What do those values represent in the dataset? Let’s overlay them on a histogram

#creating a histogram function
MEDI_histogram <- function(data) {

#creating a dataset with the location parameters
locations <- tibble(
  mean = data$MEDI |> mean(),
  median = data$MEDI |> median(),
  log_mean = data$MEDI |> log() |> Filter(\(x) !is.infinite(x), x = _) |> mean() |> exp(),
  log_zero_inflated_mean = data$MEDI |> log_zero_inflated() |> mean() |> exp_zero_inflated()
) |> pivot_longer(cols = everything())
  
#creating the histogram
data |> 
  ggplot(aes(x = MEDI, y = after_stat(ncount))) + 
  geom_histogram(binwidth = 0.2) + 
  scale_x_continuous(trans = "symlog", 
                     breaks = c(0, 10^(0:5)), 
                     labels= expression(0,10^0,10^1, 10^2, 10^3, 10^4, 10^5)
                     ) +
  geom_vline(data = locations, aes(xintercept = value, color = name), linetype = "dashed") +
  geom_label(data = locations, aes(x = value, y = c(0.4, 0.3, 0.35, 0.25), label = name, color = name), 
             size = 3) +
  ggsci::scale_color_jco()+
  guides(color = "none") +
  labs(x = "Melanopic illuminance (lx, mel EDI)", y = "Scaled counts (max = 1)") +
  theme_minimal()
}

MEDI_histogram(data)

It can be readily seen that the median and the log_zero_inflated mean lead to similar results, but are still different by almost a factor 2. The mean doesn’t represent anything well, and the log-transformed mean represents the “non-zero” part of the distribution quite well, as is to be expected. How does this look like when we only look at daytime values, which are expected to have fewer zero-lux values?

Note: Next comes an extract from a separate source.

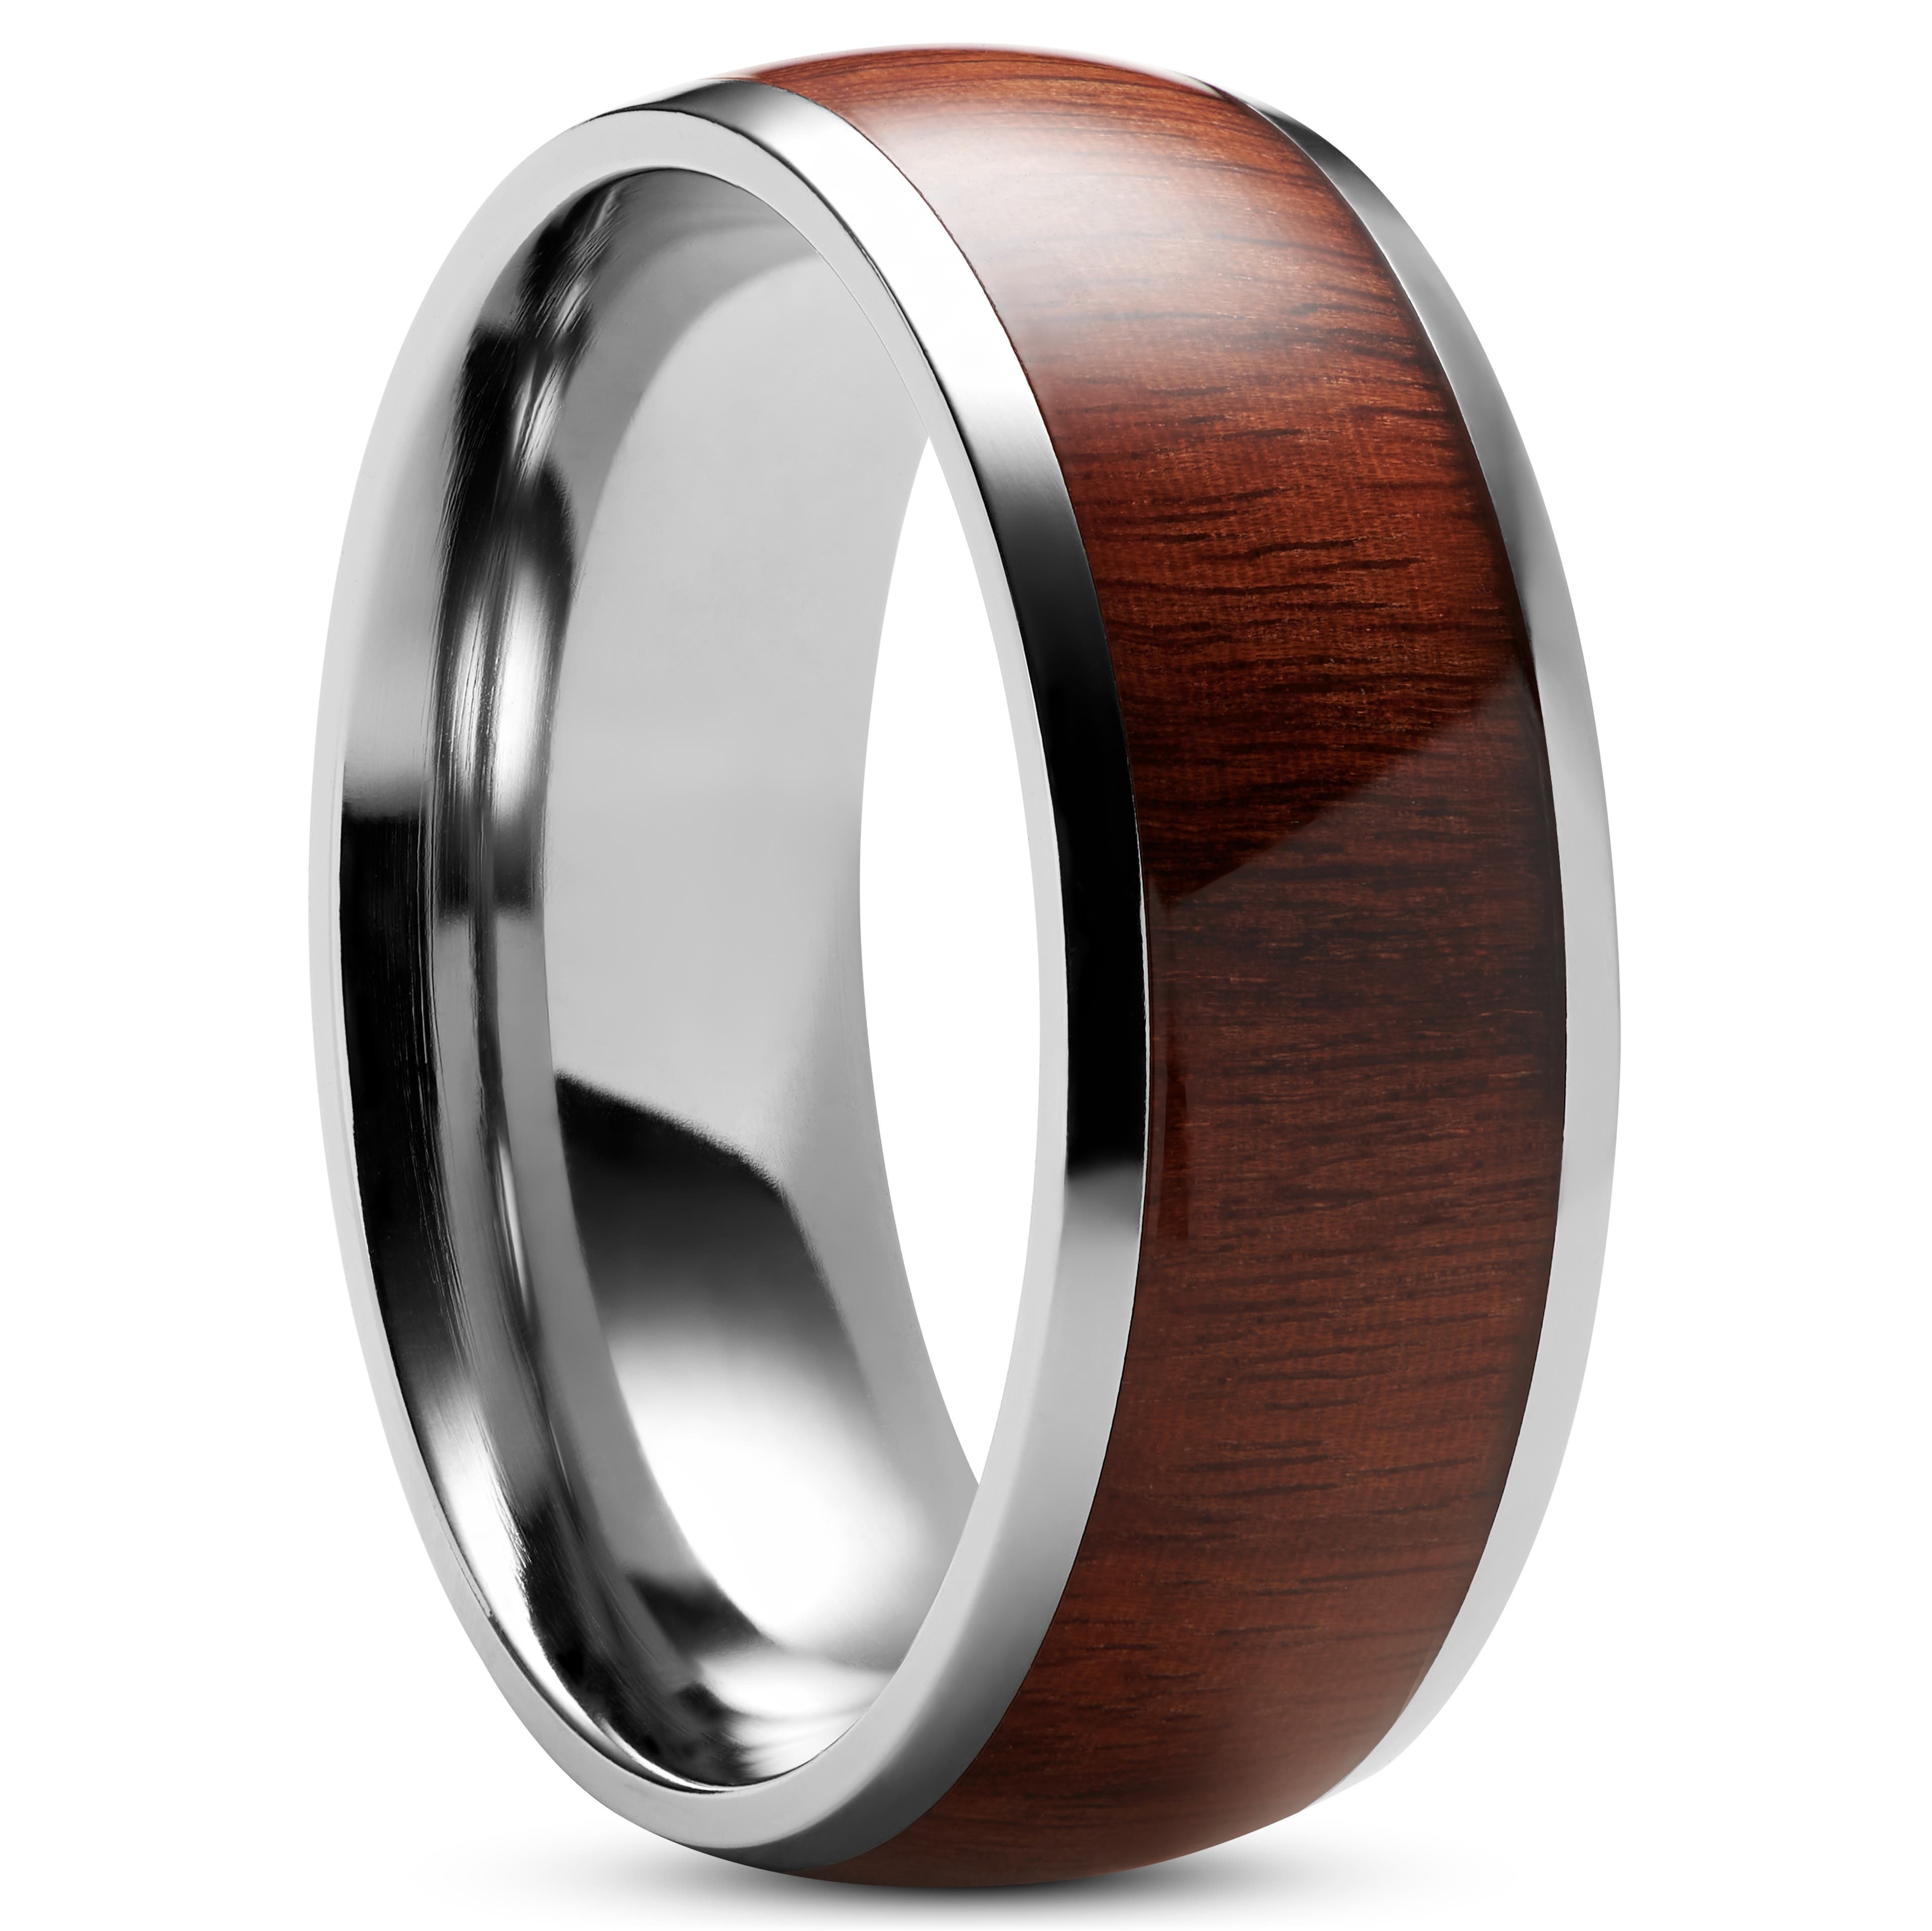 Aesop | 8 mm Silver-Tone Titanium With Natural Red Oak Center Ring

#looking only at daytime values of light exposure
day_data <- 
data |> 
  add_photoperiod(c(48.5, 9)) |> 
  filter(photoperiod.state == "day")

MEDI_histogram(day_data)

In cases with fewer zero-values, the log-transformed mean and the log_zero_inflated mean are more similar, but still is 50% higher on the untransformed mel EDI level.

Summary

In cases with many zero values, the log_zero_inflated mean is arguably a better representation of the location parameter data, as is the median. The log_zero_inflated mean is also a good choice for modelling, as it is not affected by zero values. The difference to log transformed data becomes more pronounced as the number of zero values increases.

We generally recommend to either use the median or the log_zero_inflated mean for summaries of light exposure data.